Regan pled no contest.  At sentencing the court ordered Regan to provide a DNA sample and pay a $250 DNA surcharge under Wis. Stat. § 973.046(1r).   As grounds for ordering Regan to pay the DNA surcharge, the court stated, “The law changed effective January 1, 2014.  And the surcharge of $250 is mandatory.  And that surcharge is ordered.”   The crimes of conviction, which Regan committed in August 2013, were not crimes subject to a mandatory DNA surcharge under the law at the time Regan committed the crimes.  Regan was sentenced in January 2014.

Wisconsin Stat. § 973.046(1r) (through January 1, 2015)[2] was amended by 2013 WI Act 20, § 2355, to make mandatory the DNA surcharge for a felony conviction.  The mandatory DNA surcharge was made applicable to sentences imposed on or after January 1, 2014.  2013 WI Act 20, § 9426(1)(am).

An issue of arguable merit exists as to whether the mandatory DNA surcharge imposed on Regan for crimes committed before the effective date of the statutory change violates the ex post facto clause of the Wisconsin and United States constitutions.  An ex post facto law is one that “‘makes more burdensome the punishment of the crime, after its commission.’”  State v. Thiel, 188 Wis. 2d 695, 703, 524 N.W.2d 56 (1994) (citation omitted).  This court is aware that the issue of whether the mandatory surcharge can be applied to crimes committed before January 1, 2014, is being litigated in some circuit courts within the state and that it may be presented by three appeals recently docketed in this court.[3] 

The no-merit report does not discuss the imposition of the mandatory DNA surcharge.  The potential issue is not currently preserved for appellate review in this case because no postconviction motion was filed raising it.  See State v. Barksdale, 160 Wis. 2d 284, 291, 466 N.W.2d 198 (Ct. App. 1991) (generally a motion to modify a sentence is a prerequisite to appellate review of a defendant’s sentence).  We cannot conclude that further postconviction proceedings on Regan’s behalf lack arguable merit.[4]  Therefore, the no-merit report is rejected.

Upon the foregoing reasons,

IT IS ORDERED that the Wis. Stat. Rule 809.32 no-merit report is rejected, appointed counsel’s motion to withdraw is denied, and this appeal is dismissed.

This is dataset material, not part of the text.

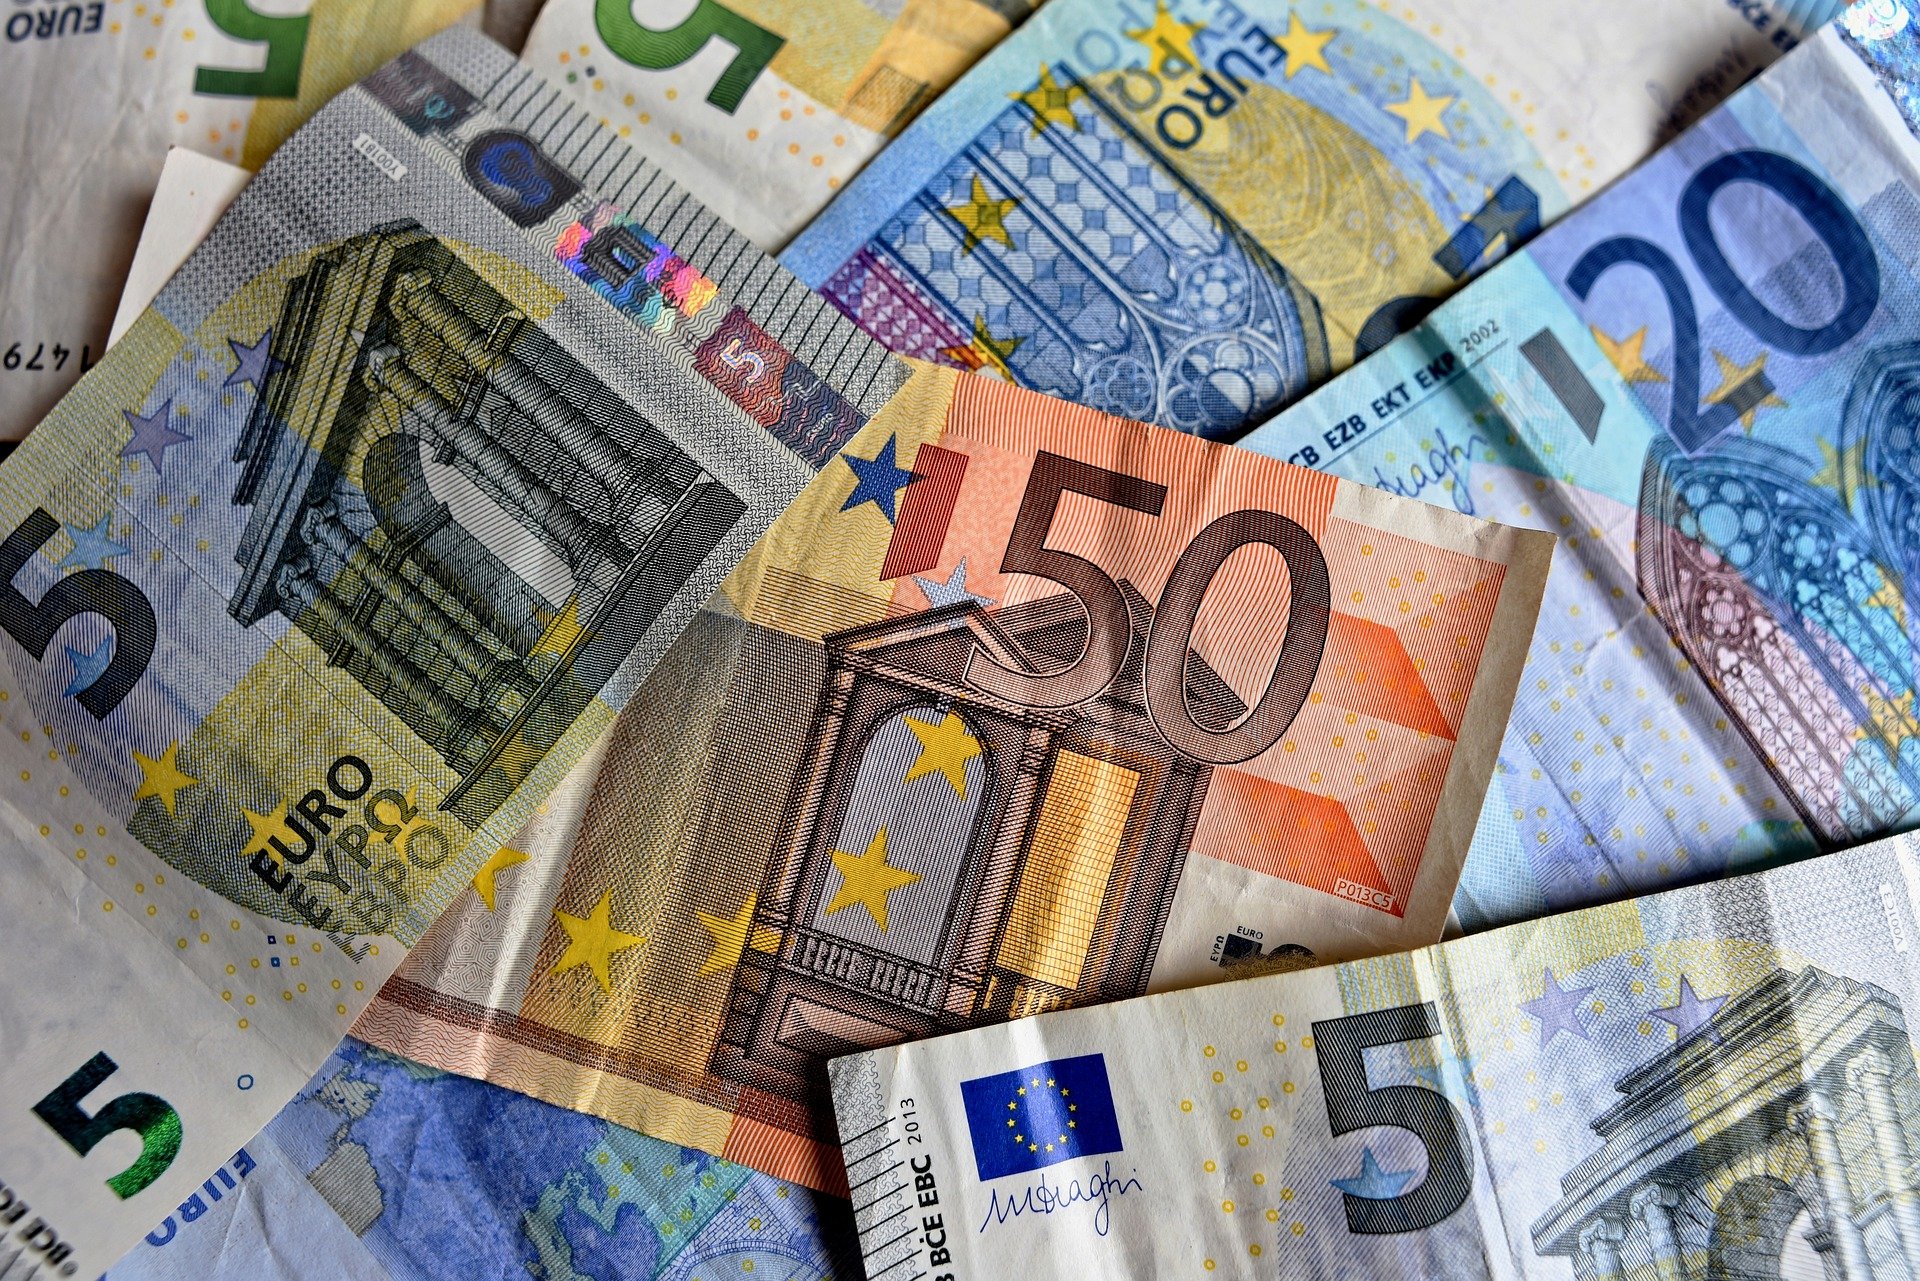 Újra történelmi csúcson van az euró árfolyama a lejjel szemben

IT IS FURTHER ORDERED that the Wis. Stat. Rule 809.30 deadline for filing a postconviction motion is reinstated and extended to thirty days after remittitur.


 

Diane M. Fremgen

Clerk of Court of Appeals



[1]  All subsequent references to the Wisconsin Statutes are to the 2011-12 version.

[2]  Wisconsin. Stat. § 973.046(1r) (through January 1, 2015) provides: 

If a court imposes a sentence or places a person on probation, the court shall impose a deoxyribonucleic acid analysis surcharge, calculated as follows:   

(a) For each conviction for a felony, $250.  

(b) For each conviction for a misdemeanor, $200.

[3]  The three known appeals that may present the issue are:  State v. Elward, 2014AP2569-CR, State v. Radaj, 2014AP2496-CR, and State v. Monahan, 2014AP2187-CR.

[4]  We have considered whether the imposition of the DNA surcharge was a proper exercise of discretion under the version of Wis. Stat. § 973.046(1g) (2011-12) that existed before the revisions made by 2013 WI Act 20, §2355.  The former version of the statute provides that the court “may” impose the surcharge when imposing a sentence for a felony conviction.  See State v. Cherry, 2008 WI App 80, ¶10, 312 Wis. 2d 203, 752 N.W.2d 393 (where the sentencing court has discretion to impose the DNA surcharge it must do something more than stating it is imposing the DNA surcharge simply because it can).  The record does not reflect consideration of any factors that would support imposing the surcharge on Regan as a discretionary ruling.